Da Sticki Code

My computer monitor is littered with Sticky Notes.

No. Not the inferior physical kind with the glue that falls off eventually and doesn’t support copy & paste. The digital kind. My desktop is an ancient breeding ground of virtual sticky notes. They contain phone numbers (often obsolete), addresses (often in other states), passwords, book recommendations, lists of names of people who want prints, To-Do Lists (again, usually out of date), notes on how much money I’ve made, by month, for several years, copies of neat quotes or IM conversations containing some bit of data that was vital six months ago, and random snippets of somewhat baffling content.

If anyone ever wants to steal my identity so they can run up my credit card, they can proceed by the usual channels. But if anyone ever wants to steal my identity, take over my body, and proceed to live my life, in addition to a moderate level of art skills and memorizing a lot of family history and trivia about Star Trek/Dragonlance/every other geeky thing I’ve been interested it at any point since middle school and still retain in memory to this day, they’re going to have to break the Code of the Sticky.

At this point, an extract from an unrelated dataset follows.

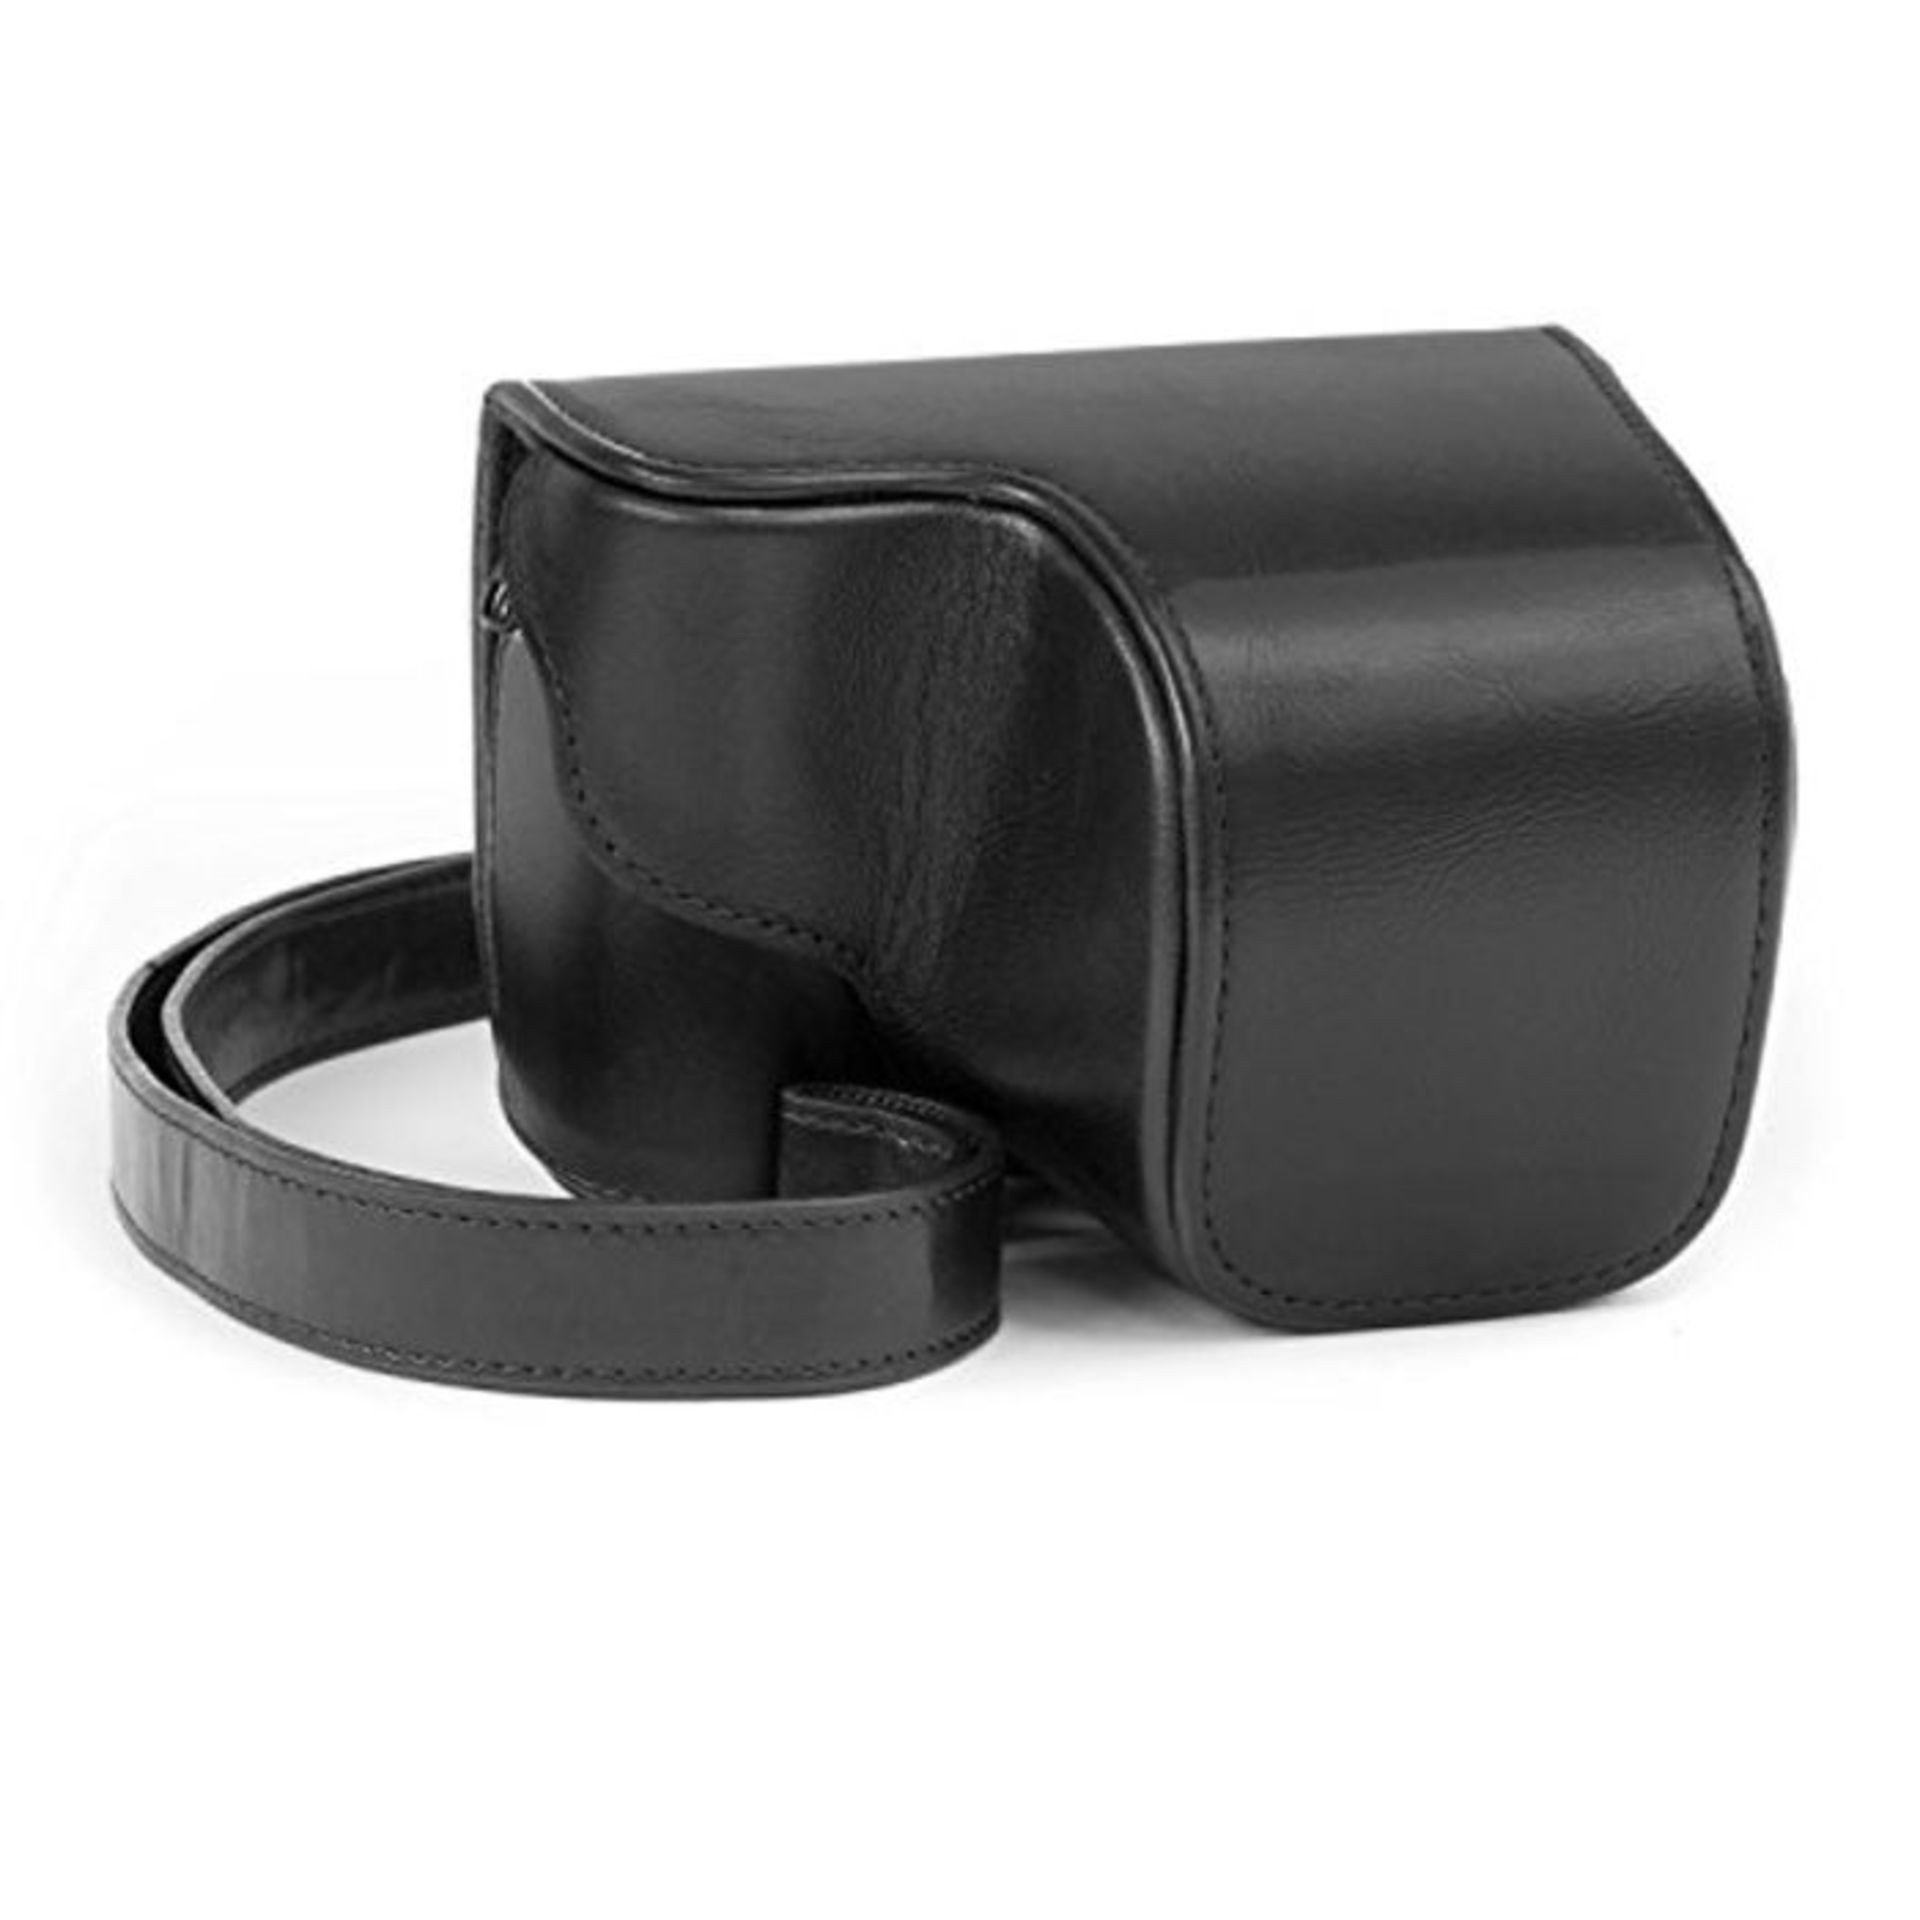 MegaGear MG309 "Ever Ready" Protective Leather Camera Case, Bag for Sony Alpha a5000,

Otherwise it’ll be a short-lived and frustrating deception.

Some things even I don’t know, or have forgotten. For example, what is this long teal one? It has a few useful passwords at the top, but then it turns into this:
hag-fire

shatterjack
scatterjack
smatterjack
clatterjack
clapperjack
clitterjack
chitterjack
chatterjack
onionjack?
ratterjack
ladderjack

elfbutter!

There must have been a point to that. Was I naming fairies? Cooking up the next cheese flavor sensation? It’s been there for years. What does it all mean? What was I thinking about?!